The double-dual of a norm is equal to itself (i.e., $\|\cdot\|^{\circ\circ} = \|\cdot\|$) and the norm induced by the inner product is the unique norm that is its own dual. Similarly, if $\|\cdot\|_p$ is the vector p-norm, then $\|\cdot\|_p^\circ = \|\cdot\|_q$, where $q$ satisfies $1/p + 1/q = 1$.

In this post, we will demonstrate that $\|\cdot\|^\circ$ has an equivalent characterization as an infimum, and we use this characterization to provide a simple derivation of several known (but perhaps not well-known) formulas for norms such as the operator norm of matrices.

For certain norms (such as the “separability norms” presented at the end of this post), this ability to write a norm as both an infimum and a supremum is useful because computation of the norm may be difficult. However, having these two different characterizations of a norm allows us to bound it both from above and from below.

### The Dual Norm as an Infimum

Theorem 1. Let $S \subseteq \mathcal{H}$ be a bounded set satisfying ${\rm span}(S) = \mathcal{H}$ and define a norm $\|\cdot\|$ by

$\displaystyle\|\mathbf{v}\| := \sup_{\mathbf{w} \in S}\Big\{ \big| \langle \mathbf{v}, \mathbf{w} \rangle \big| \Big\}.$

Then $\|\cdot\|^\circ$ is given by

$\displaystyle\|\mathbf{v}\|^\circ = \inf\Big\{ \sum_i |c_i| : \mathbf{v} = \sum_i c_i \mathbf{v}_i, \mathbf{v}_i \in S \ \forall \, i \Big\},$

where the infimum is taken over all such decompositions of $\mathbf{v}$.

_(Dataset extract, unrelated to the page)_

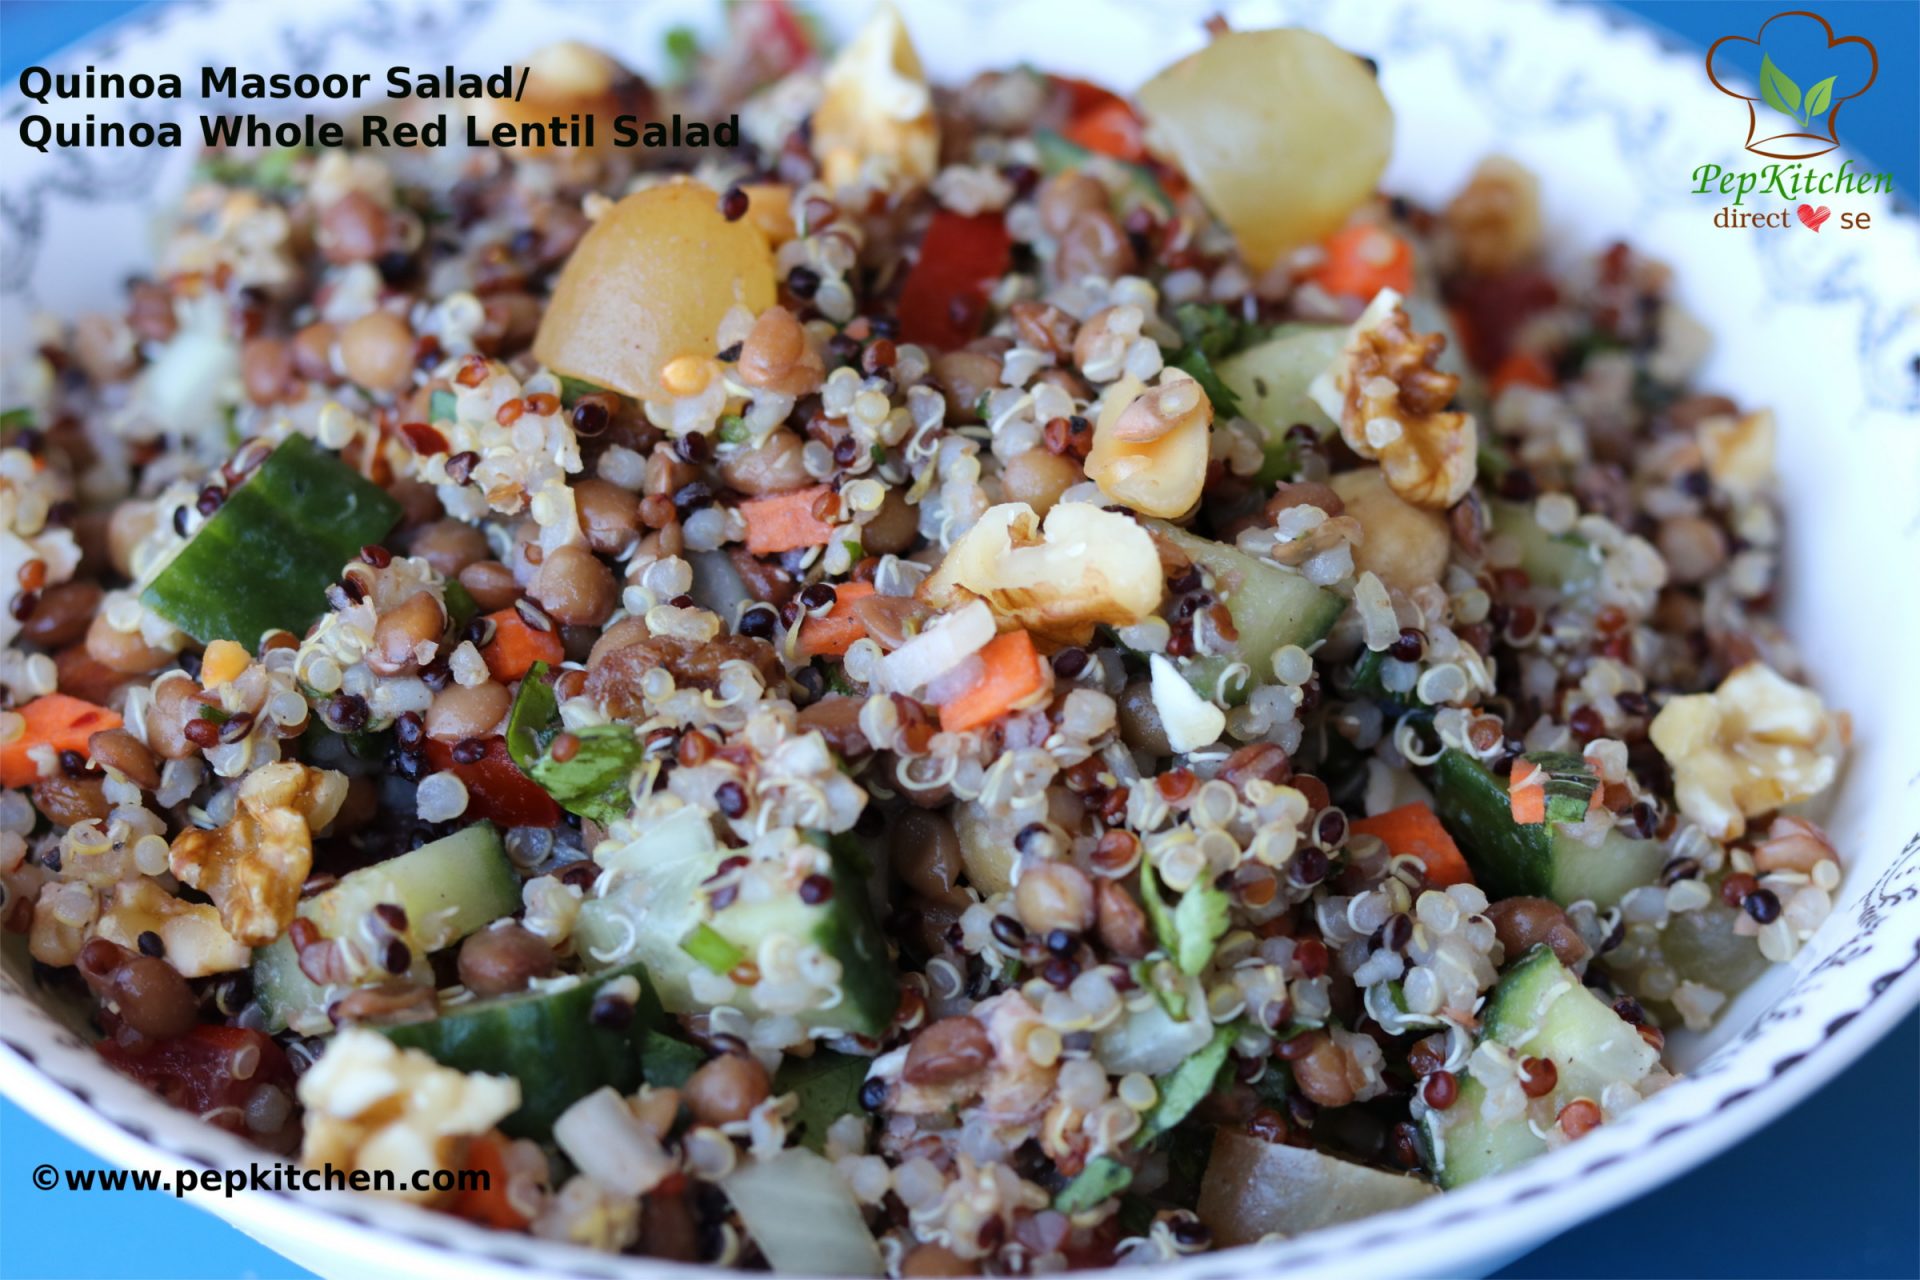 Quinoa Masoor Salad/ Quinoa Whole Red Lentil Salad

Before proving the result, we make two observations. Firstly, the quantity $\|\cdot\|$ described by Theorem 1 really is a norm: boundedness of $S$ ensures that the supremum is finite, and ${\rm span}(S) = \mathcal{H}$ ensures that $\|\mathbf{v}\| = 0 \implies \mathbf{v} = 0$. Secondly, every norm on $\mathcal{H}$ can be written in this way: we can always choose $S$ to be the unit ball of the dual norm $\|\cdot\|^\circ$. However, there are times when other choices of $S$ are more useful or enlightening (as we will see in the examples).

Proof of Theorem 1. Begin by noting that if $\mathbf{w} \in S$ and $\|\mathbf{v}\| \leq 1$ then $\big| \langle \mathbf{v}, \mathbf{w} \rangle \big| \leq 1$. It follows that $\|\mathbf{w}\|^{\circ} \leq 1$ whenever $\mathbf{w} \in S$. In fact, we now show that $\|\cdot\|^\circ$ is the largest norm on $\mathcal{H}$ with this property. To this end, let $\|\cdot\|_\prime$ be another norm satisfying $\|\mathbf{w}\|_{\prime}^{\circ} \leq 1$ whenever $\mathbf{w} \in S$. Then

$\displaystyle \| \mathbf{v} \| = \sup_{\mathbf{w} \in S} \Big\{ \big| \langle \mathbf{w}, \mathbf{v} \rangle \big| \Big\} \leq \sup_{\mathbf{w}} \Big\{ \big| \langle \mathbf{w}, \mathbf{v} \rangle \big| : \|\mathbf{w}\|_{\prime}^{\circ} \leq 1 \Big\} = \|\mathbf{v}\|_\prime.$

Thus  $\| \cdot \| \leq \| \cdot \|_\prime$, so by taking duals we see that $\| \cdot \|^\circ \geq \| \cdot \|_\prime^\circ$, as desired.

For the remainder of the proof, we denote the infimum in the statement of the theorem by $\|\cdot\|_{{\rm inf}}$. Our goal now is to show that: (1) $\|\cdot\|_{{\rm inf}}$ is a norm, (2) $\|\cdot\|_{{\rm inf}}$ satisfies $\|\mathbf{w}\|_{{\rm inf}} \leq 1$ whenever $\mathbf{w} \in S$, and (3) $\|\cdot\|_{{\rm inf}}$ is the largest norm satisfying property (2). The fact that $\|\cdot\|_{{\rm inf}} = \|\cdot\|^\circ$ will then follow from the first paragraph of this proof.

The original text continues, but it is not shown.